В отличие от Тома Сойера, никакой популярности у сверстников Мишка своим фортелем не приобрел. То ли насвистел великий Марк Твен, то ли менталитет другой… Версию событий, общественное мнение выработало следующую: Мишка, обидевшись на наказание, сбежал из дому, заблудился в лесу и попался злой колдунье. Та его чуть не сожрала, но отче Михаил, с риском для жизни, пацана выручил.
Правдой во всем этом было только то, что Нинея отца Михаила, и вправду, чуть не замочила. Тот же факт, что плененного злой колдуньей отрока запросто навещали родственники, общественность вполне благополучно игнорировала, возможно в воспитательных целях, а уж на что там обиделся сопляк, так это и вообще никого не трогало ни в малейшей степени.
"Вот так, сэр Майкл! Ни тебе желтой прессы, ни тебе папарацци, а результат тот же самый: не Иванов, а Рабинович, не в лотерею, а в преферанс и не сто тысяч, а три рубля".
Со сверстниками отношения не складывались совершенно. Пацан в общем теле, в последнее время, как-то приутих, а взрослому очень уж тошно было принимать участие в детских играх и трепотне. Мишка старался, как мог, но ребятишки видимо чувствовали эту натужность, и к присутствию его в своей кампании относились весьма прохладно.
Совсем другое дело была Юлька. На следующий день после возвращения, Мишка попросил у деда серебряное зеркальце, найденное летом в вещах погибшей язычницы. Дед, разумеется в самых язвительных тонах, поинтересовался, не рано ли внуку девкам подарки таскать, но выслушав рассказ о том, как Юлька его лечила, молча полез в свои закрома и вытащил зеркальце.
— Только не суй как-нибудь, поднеси с почтением, с вежливыми словами, чтоб не подумала: откупаешься, мол, чтоб должником не быть.

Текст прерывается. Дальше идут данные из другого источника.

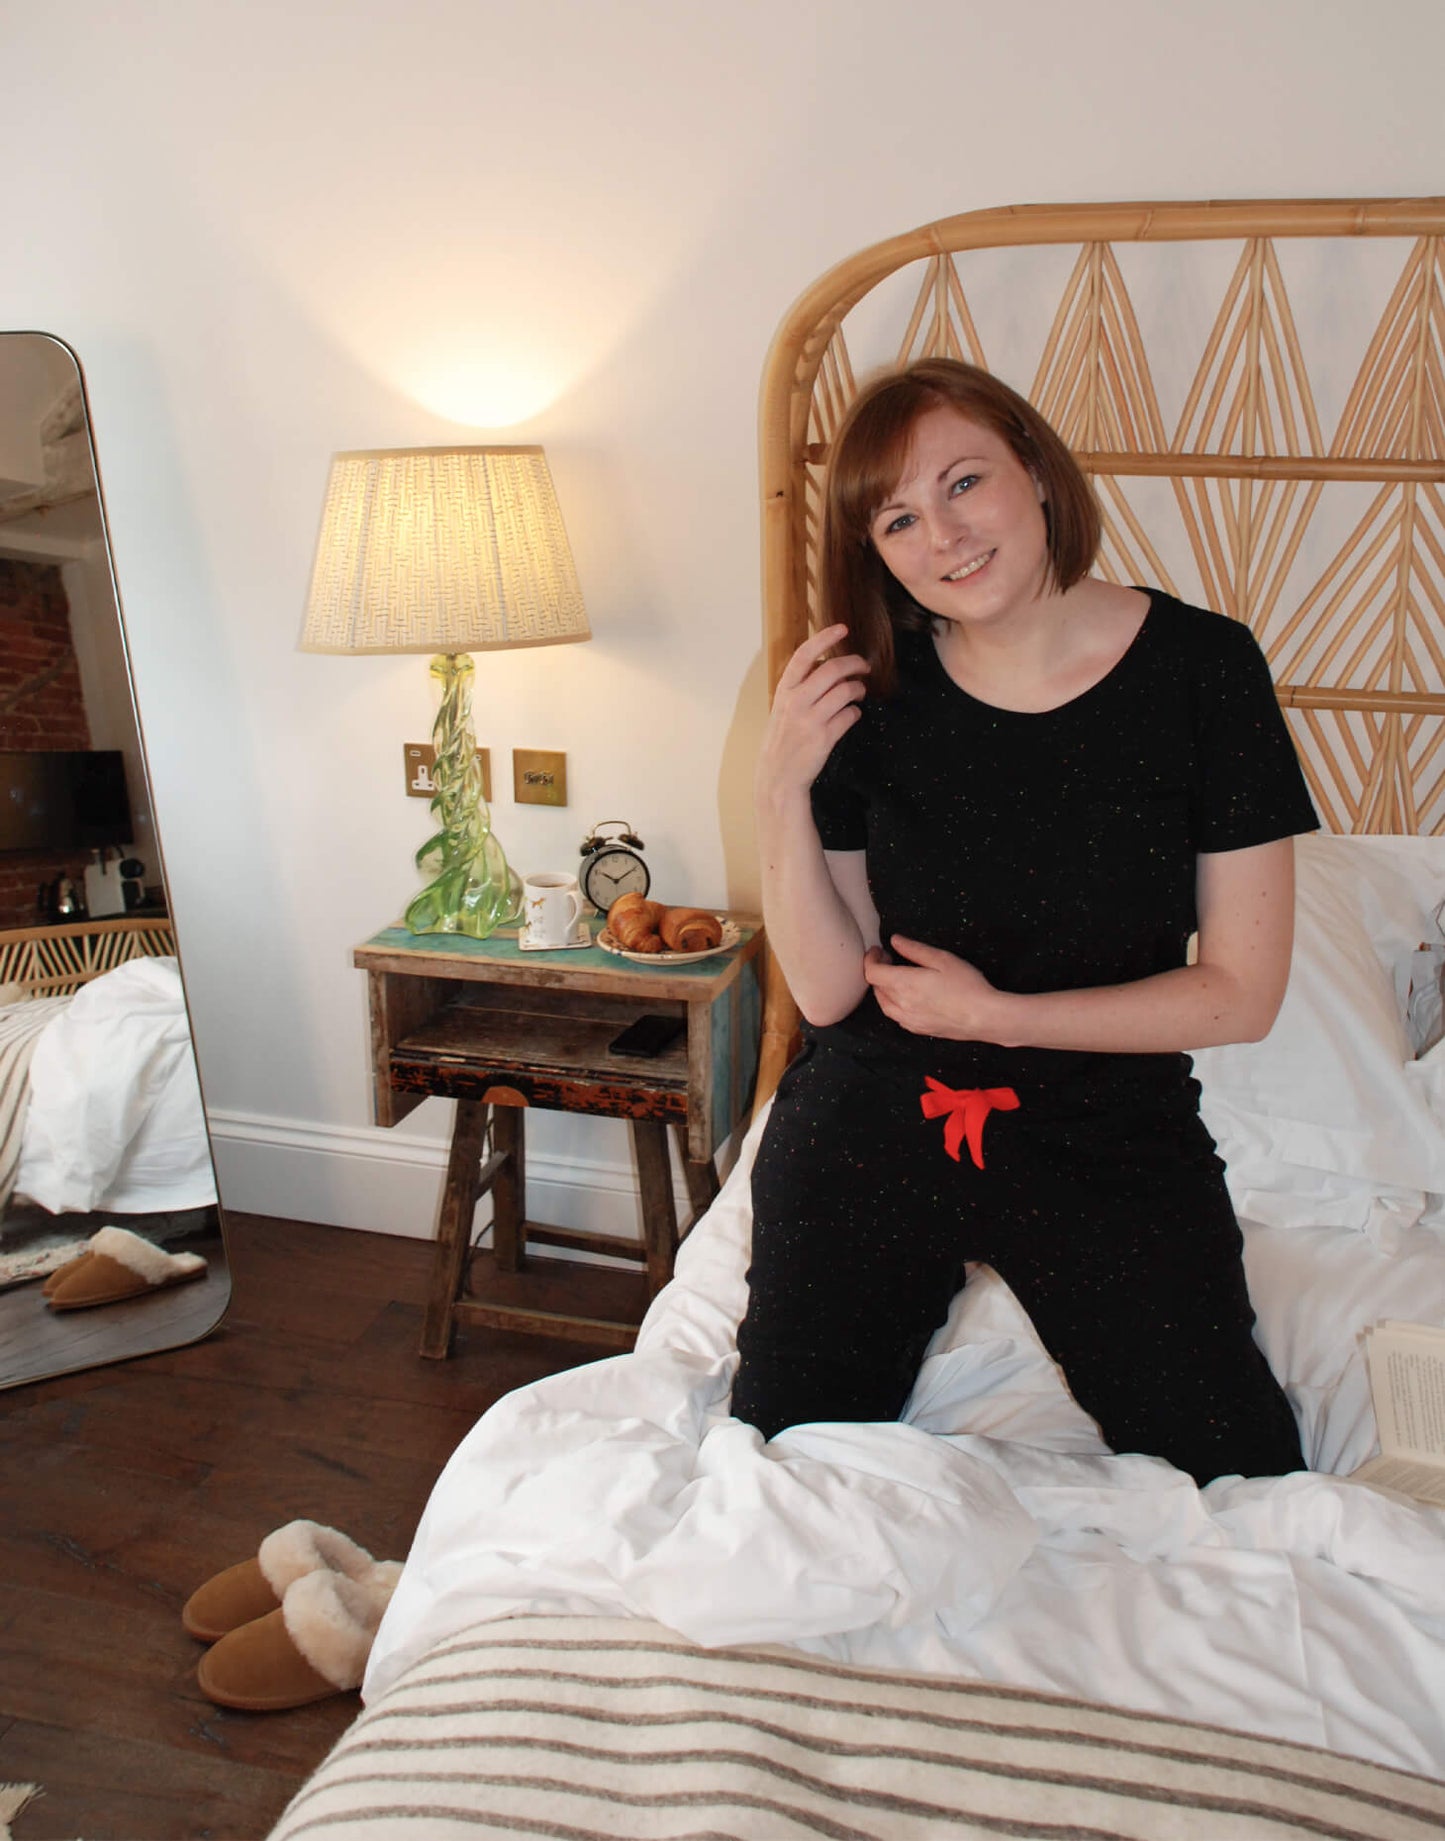 Tessie Clothing Confetti BlackPocket T-Shirt and matching Confetti Black Pyjama Trousers Set | Model knelt on white bedding with a light wood cane headboard wearing Tessie Clothing's Confetti Black Pocket T-Shirt Pyjama Set with some chestnut brown sheepskin slipper mules next to the bed. Next to the bed is a rustic side table with a croissant on it, retro lamp, retro alarm clock and a dog print mug and coaster.

Понял?
— А если брать не захочет?
— Чтоб девка, да от зеркала отказалась? Кхе! Дите ты еще, Михайла!
— Она — с норовом…
— А лекарке иначе и нельзя! Иди, иди, не бойся, примет она твой подарок.
Обычный для жилья лекарки запах сушеных трав сегодня почти не чувствовался — тетка Настена варила в объемистом горшке что-то чрезвычайно вонючее, у Мишки, вошедшего со свежего воздуха, даже дух перехватило. Креститься тут было не на что, и Мишка по языческому обычаю поклонился очагу.
— Здрава будь матушка Настена, здравствуй Юля!
Только поздоровавшись, Мишка понял, что пришел, похоже, не вовремя. Юлька, явно чем-то крепко расстроенная, зло толкла в ступке нечто, наверняка, лекарственное, глаза и нос у нее покраснели, то ли от смрада, стоявшего в избе, то ли от просившихся наружу слез. Судя по нахохленному виду, скорее всего, имела место вторая причина. Мишка даже хотел было повернуться и уйти, но Настена уже ответила на приветствие и пригласила проходить.
— Ну, Михайла, поправился?
— Да, тетя Настена, спасибо Юле, чуть не с того света вытащила!
— Вот! — тут же подхватила Юлька, видимо продолжая начавшийся до мишкиного прихода разговор. — А ты говоришь: "не надо".
— Не "не надо", а рано! Всякому знанию свое время! Нинея совсем, видать, из ума выжила — ребенка такому учить!
— Сама не можешь, вот и злишься!
Хорошо, что у Настены в руке в этот момент оказалось полотенце, а не что-нибудь посерьезнее, впрочем и оплеуха влажным полотенцем тоже удовольствия Юльке не доставила.
— Тетя Настена! — Мишка счел своим долгом вмешаться. — Поздно уже, обратно-то не разучится! Да и я бы помер, наверно. Не надо ее ругать.
— Да не о том речь! Она же теперь надо и не надо это знание в ход пускать будет, загубит себя!
— Да что я, дура что ли?
— Все равно не удержишься! Ты — лекарка природная, не стерпишь, если больной умирать у тебя на руках будет!
— Тетя Настена, может я ее к Нинее свожу? Она, наверно, может зарок на нее наложить до какого-то возраста?
— Не поеду! Ишь чего придумал! Сам вылечился, а о других не думаешь?
— Нет, Миня, не надо. — Настена расстроено вздохнула. — Зарок я и сама наложить могу… Думаешь, мы из-за чего с утра лаемся? Из-за этого самого.
— Не дается?
— Попробовала бы — Настена невесело усмехнулась. — Мала еще мне противиться! Но нельзя с нами против воли — силу можем потерять, а у нее силы будет, как подрастет, побольше, чем у меня, а может, побольше, чем и у Нинеи. Шестое поколение выращиваем, жалко такую работу испортить.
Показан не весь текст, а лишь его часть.